Artist Raymond Natraoro creates new totem pole
Master carver Ray Natraoro works on a welcome figure for the new Coastal Ford dealership on Jan. 31.

Almost everywhere you look in the Sea to Sky Corridor, the work of artist Raymond Natraoro can be found.

The North Vancouver resident created the entrance to Howe Sound Secondary School and the BC Hydro piece by the train tracks, and he has carved out several designs in Whistler and the Callaghan Valley.

And now another landmark piece will be added to Squamish.

For the past few months, Natraoro has been creating a totem pole to be erected outside the new Coastal Ford Squamish on Commercial Place and Queens Way. He was putting the final touches on the piece on Saturday, when he explained in an interview that carving has been a lifelong passion.

“I’ve been carving since I was five years old,” he said, in between carving out grooves in the pole. “I come from a long line of carvers. When I was a young boy I saw my great-grandfather carve, my grandfather carved and I’ve had uncles who carve too. My family has been artists for multiple generations.”

Natraoro apprenticed under Squamish’s Rick Harry for four years starting in 1994 and then went on his own. He creates totem poles, house posts, canoes, masks and other items.

“Anything out of wood, I can make it,” he said.

His unique background also inspires him, as his mother is from the Squamish Nation and his father is from the Northern Tutchonee tribe in the Yukon Territory. He said it’s important to keep traditional art alive.

“These pieces tell stories and can last for hundreds of years,” he said. “Multiple generations will see this pole standing and learn the story of what it represents.”
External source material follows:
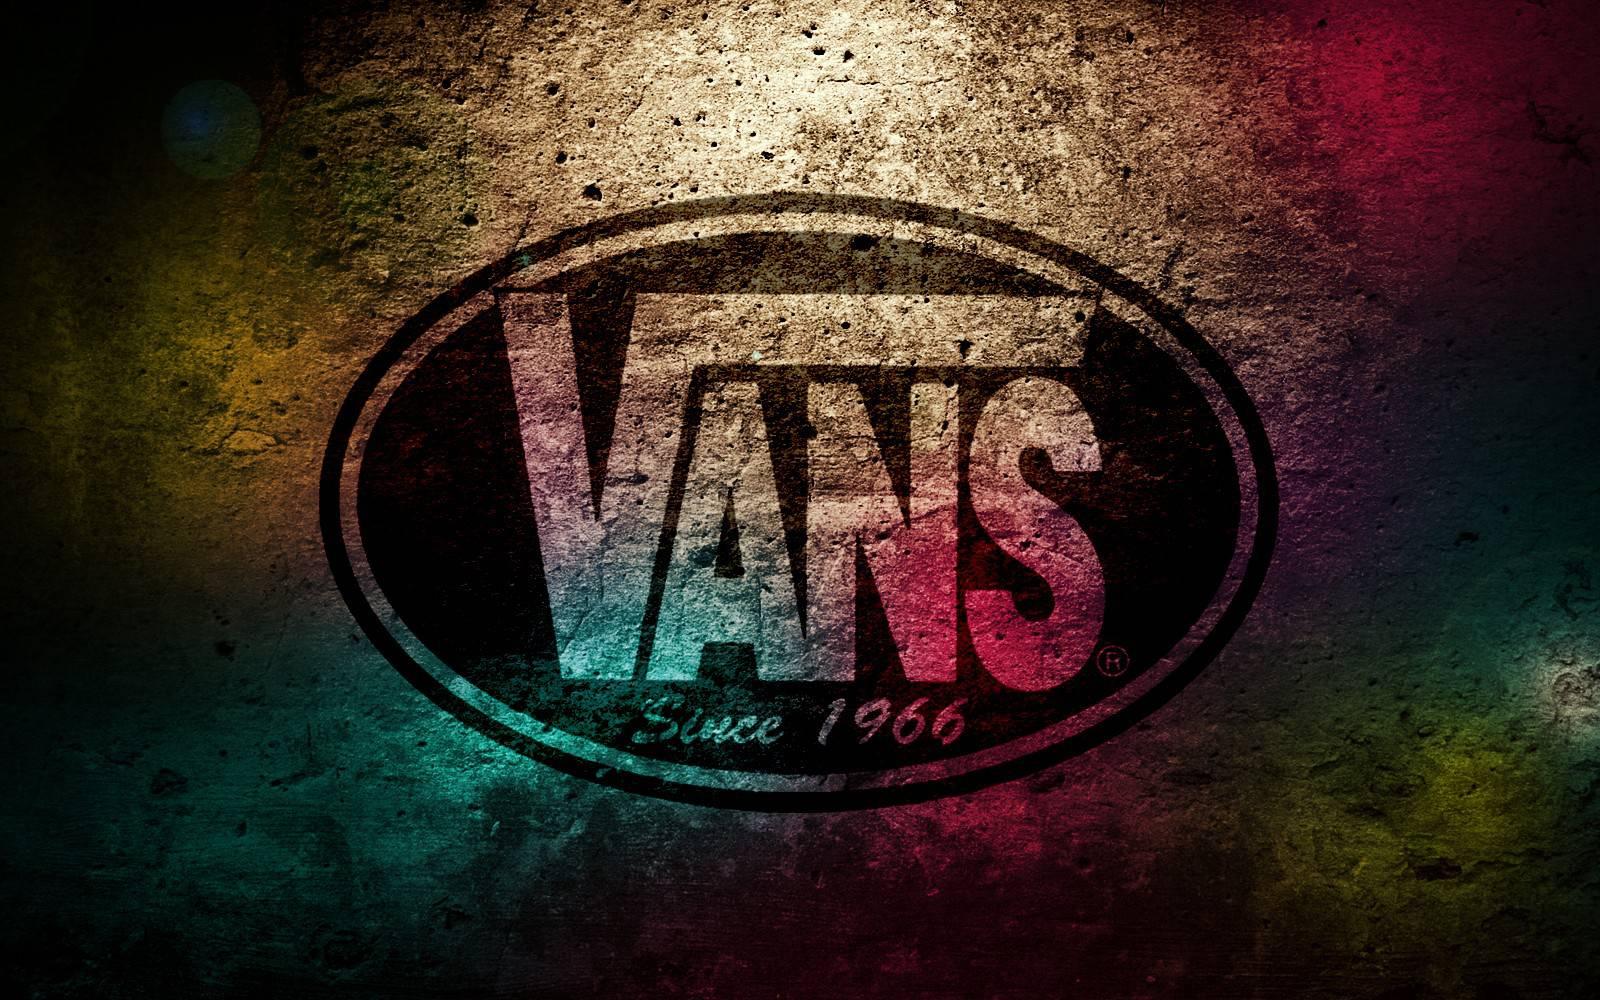 Cool Vans Logo Wallpapers Hd Hd Wallpapers Gallery

The pole will eventually be painted and it will stand outside the entrance to Coastal Ford Squamish.

“It will represent and greet people when they come in,” he said. “It’s a human welcome figure and showcases a human wrapped in a blanket. The blanket symbolizes wealth. Noble people had blankets and it shows that this person had responsibility.”

He hopes the pole will stand for many years and he’s proud to keep his culture alive artistically.

“I believe that expanding working relationships through public artworks, galleries and private clientele enables me to share our culture and traditions by creating a lasting legacy for future generations,” he said.

The pole is expected to go up in the next few weeks.